Search code examples
javaattributeslucenetokentokenize

How to get a Token from a Lucene TokenStream?


I'm trying to use Apache Lucene for tokenizing, and I am baffled at the process to obtain Tokens from a TokenStream.

The worst part is that I'm looking at the comments in the JavaDocs that address my question.

http://lucene.apache.org/java/3_0_1/api/core/org/apache/lucene/analysis/TokenStream.html#incrementToken%28%29

Somehow, an AttributeSource is supposed to be used, rather than Tokens. I'm totally at a loss.

Can anyone explain how to get token-like information from a TokenStream?


Solution

  • Yeah, it's a little convoluted (compared to the good ol' way), but this should do it:

    TokenStream tokenStream = analyzer.tokenStream(fieldName, reader);
    OffsetAttribute offsetAttribute = tokenStream.getAttribute(OffsetAttribute.class);
    TermAttribute termAttribute = tokenStream.getAttribute(TermAttribute.class);
    
    while (tokenStream.incrementToken()) {
        int startOffset = offsetAttribute.startOffset();
        int endOffset = offsetAttribute.endOffset();
        String term = termAttribute.term();
    }
    

    Edit: The new way

    According to Donotello, TermAttribute has been deprecated in favor of CharTermAttribute. According to jpountz (and Lucene's documentation), addAttribute is more desirable than getAttribute.

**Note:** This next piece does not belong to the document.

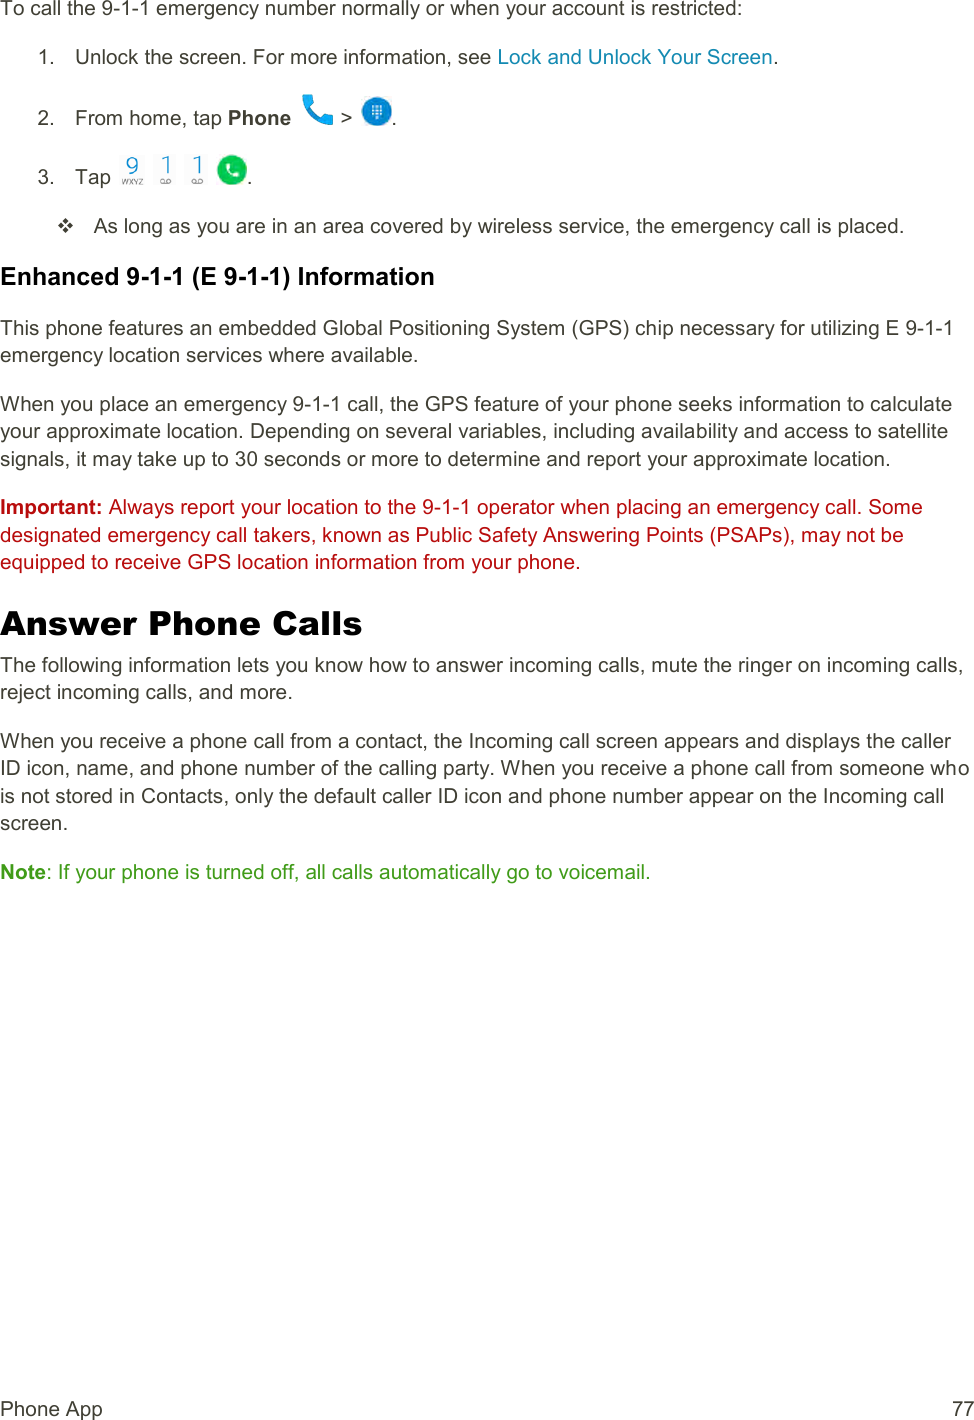 Phone App  77 To call the 9-1-1 emergency number normally or when your account is restricted: 1.  Unlock the screen. For more information, see Lock and Unlock Your Screen. 2.  From home, tap Phone   &gt;  . 3.  Tap        .   As long as you are in an area covered by wireless service, the emergency call is placed. Enhanced 9-1-1 (E 9-1-1) Information This phone features an embedded Global Positioning System (GPS) chip necessary for utilizing E 9-1-1 emergency location services where available. When you place an emergency 9-1-1 call, the GPS feature of your phone seeks information to calculate your approximate location. Depending on several variables, including availability and access to satellite signals, it may take up to 30 seconds or more to determine and report your approximate location. Important: Always report your location to the 9-1-1 operator when placing an emergency call. Some designated emergency call takers, known as Public Safety Answering Points (PSAPs), may not be equipped to receive GPS location information from your phone. Answer Phone Calls The following information lets you know how to answer incoming calls, mute the ringer on incoming calls, reject incoming calls, and more. When you receive a phone call from a contact, the Incoming call screen appears and displays the caller ID icon, name, and phone number of the calling party. When you receive a phone call from someone who is not stored in Contacts, only the default caller ID icon and phone number appear on the Incoming call screen. Note: If your phone is turned off, all calls automatically go to voicemail.

    TokenStream tokenStream = analyzer.tokenStream(fieldName, reader);
    OffsetAttribute offsetAttribute = tokenStream.addAttribute(OffsetAttribute.class);
    CharTermAttribute charTermAttribute = tokenStream.addAttribute(CharTermAttribute.class);
    
    tokenStream.reset();
    while (tokenStream.incrementToken()) {
        int startOffset = offsetAttribute.startOffset();
        int endOffset = offsetAttribute.endOffset();
        String term = charTermAttribute.toString();
    }